А потом потянулись бесконечные дни сумрака и боли. Дождь стучал по крыше, и, знакомо шебурша, возились за тонкой стеной крысы. В углах сгущались из темноты лютые, насмешливые рожи, кривились, скакали, дразнились: калека, калека! Где ж твой меч, где копьё, горе-вояка? На меч грудью хотел броситься – да где тебе, ты и встать с лавки не можешь, и, чтоб нужду справить, приносит тебе старуха корыто. Инги плакал, стиснув зубы. Целыми днями куска в рот не брал. Старуха качала головой, шептала, всё норовила укрыть потеплее, поправляла вонючую волчью шкуру. Дядька Хрольф заходил редко – смотрел брезгливо, сопел, дыша перегаром, ворчливо спрашивал одно и то же: не нужно ли чего? Инги отвечал, что ничего не нужно, и тогда дядька исчезал, оставляя после себя вонь прокисшей бражки. Торбьёрн заходил чаще. Странно, но теперь Инги чувствовал к нему ещё большее отвращение. Будто впихнули в одну корзину со склизкой, холодной жабой и понудили барахтаться с ней в обнимку. Глаза хотелось закрыть, чтоб не смотреть на него, и слова сказать не хотелось.

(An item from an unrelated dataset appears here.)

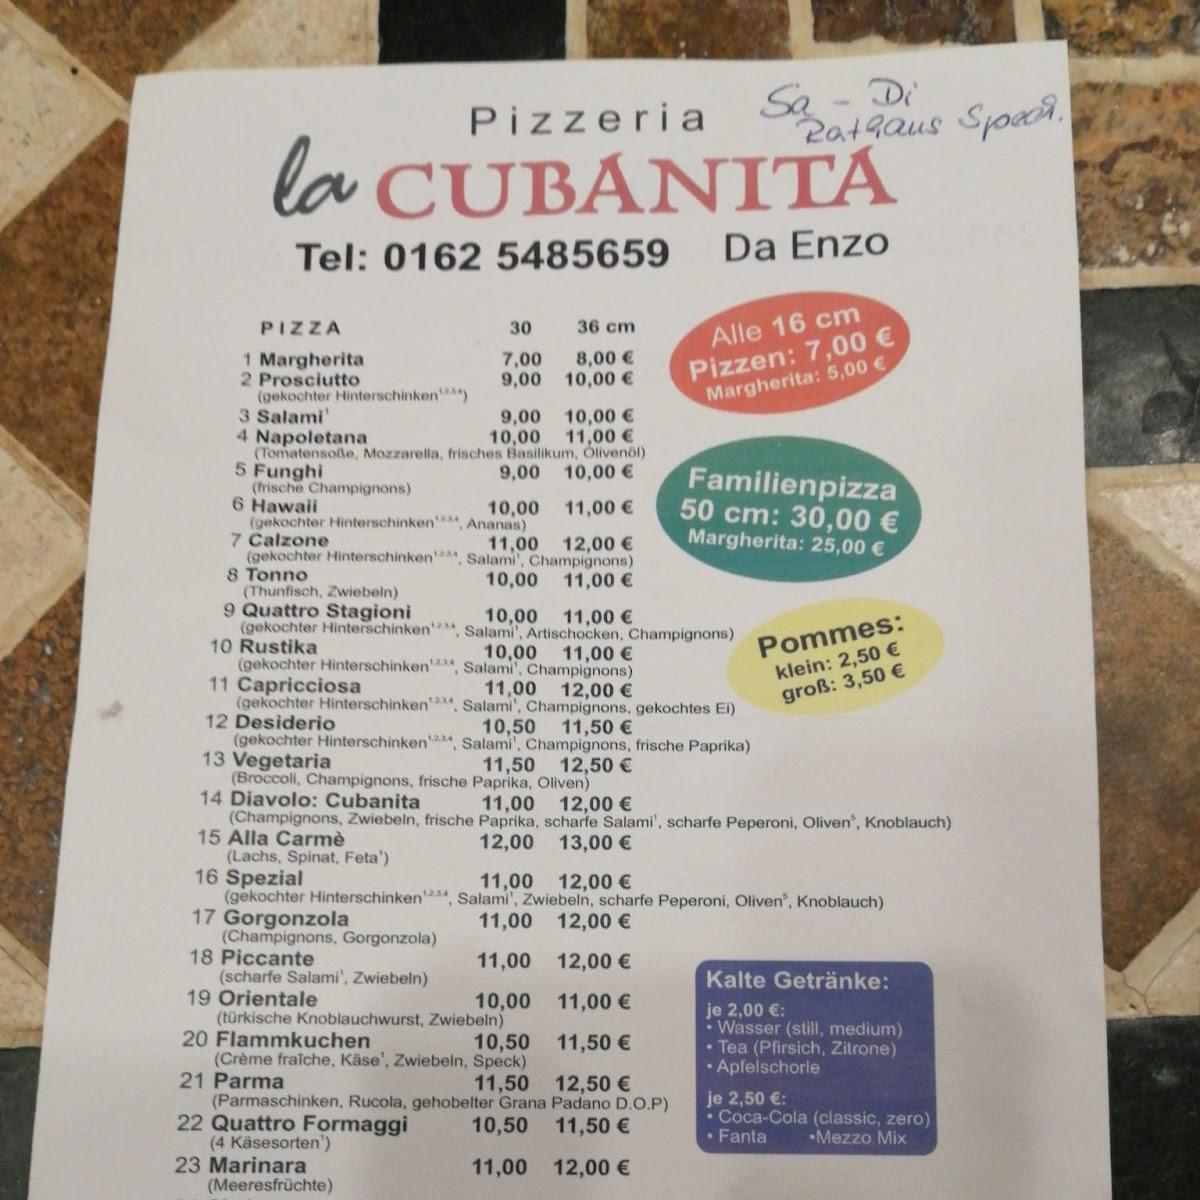 Restaurant "La Cubanita" in Spechbach

Однажды привиделось в предутреннем кошмаре, что слиплись они, срослись, двое калек, и стали одним трёхруким двухголовым чудищем, скакали в грязи, размахивая палками. Но Торбьёрн ничего не спрашивал – только рассказывал. И слова его сами по себе завладевали слухом, тянули за собой, открывали странный, огромный мир, наполненный людьми и кораблями, городами, ярким солнцем и славой. Голос Торбьёрна не был голосом калеки. Только закрой глаза – и видишь его, стоящего на носу корабля с драконьей головой, а впереди берег, и мечутся по нему испуганные, мелкие, слабые люди. Оттого приходили сильные, яркие сны. Растворялись в них прокопченные стены и открывалась даль, снег и трава, и горы под белым солнцем. Инги знал: далеко-далеко за ними, за водой и лесом, текут реки, родящие живой ослепительный блеск. В снах Торбьёрн был силён и молод, и на руках его, на щите и шлеме сверкало золото. Инги просил: «Возьми с собой!», но тот не соглашался, качал головой, и оттого становилось не грустно и обидно, а наоборот – бодрость ощущалась и надежда.

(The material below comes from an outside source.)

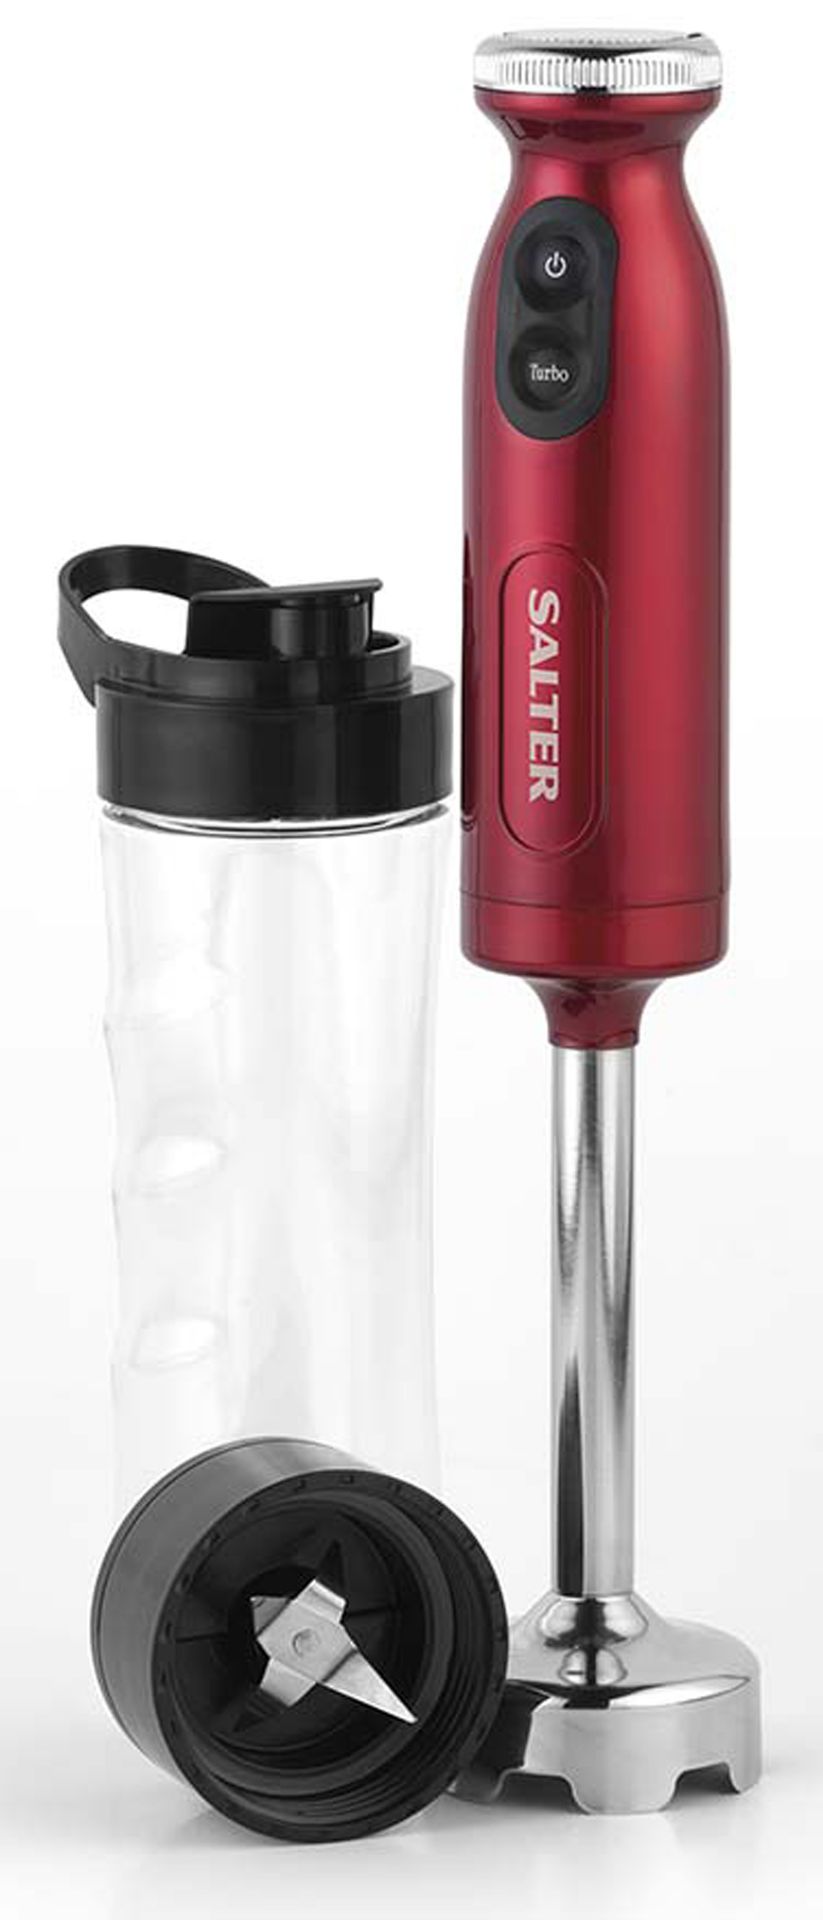 V Brand New Salter NutriTwist Stick Blender With 500watt Motor - Adjustable Speed - Stainless - Image 2 of 2

В середине холодного, дождливого месяца листопада Инги перестал отхаркивать кровь. С первым снегом стал на ноги и пошёл во двор – неловко, шатко, будто младенец, впервые ощутивший под ногами твердь. Как раз в тот день и принесли Торбьёрна – нелепого, перекорёженного, с залитым кровью лицом. Его подстерегли всего в сотне шагов от дома, на задворках у старого ручья. Он перешёл по мосткам уже подмёрзшую канаву, ступил за угол кузни – и уткнулся животом в заострённый кол. Мальчишки налетели стаей, с палками и ножами, сбили наземь, кинулись топтать, рвать и резать, а потом справили малую нужду на ещё живой, стонущий, корчащийся человечий обрубок.
Торбьёрн умирал три дня в смраде и гное, хрипел, дрожа, шептал непонятные, дикие слова. Инги сидел с ним рядом. А когда наконец калека успокоился, вложил в стынущую руку рукоять меча.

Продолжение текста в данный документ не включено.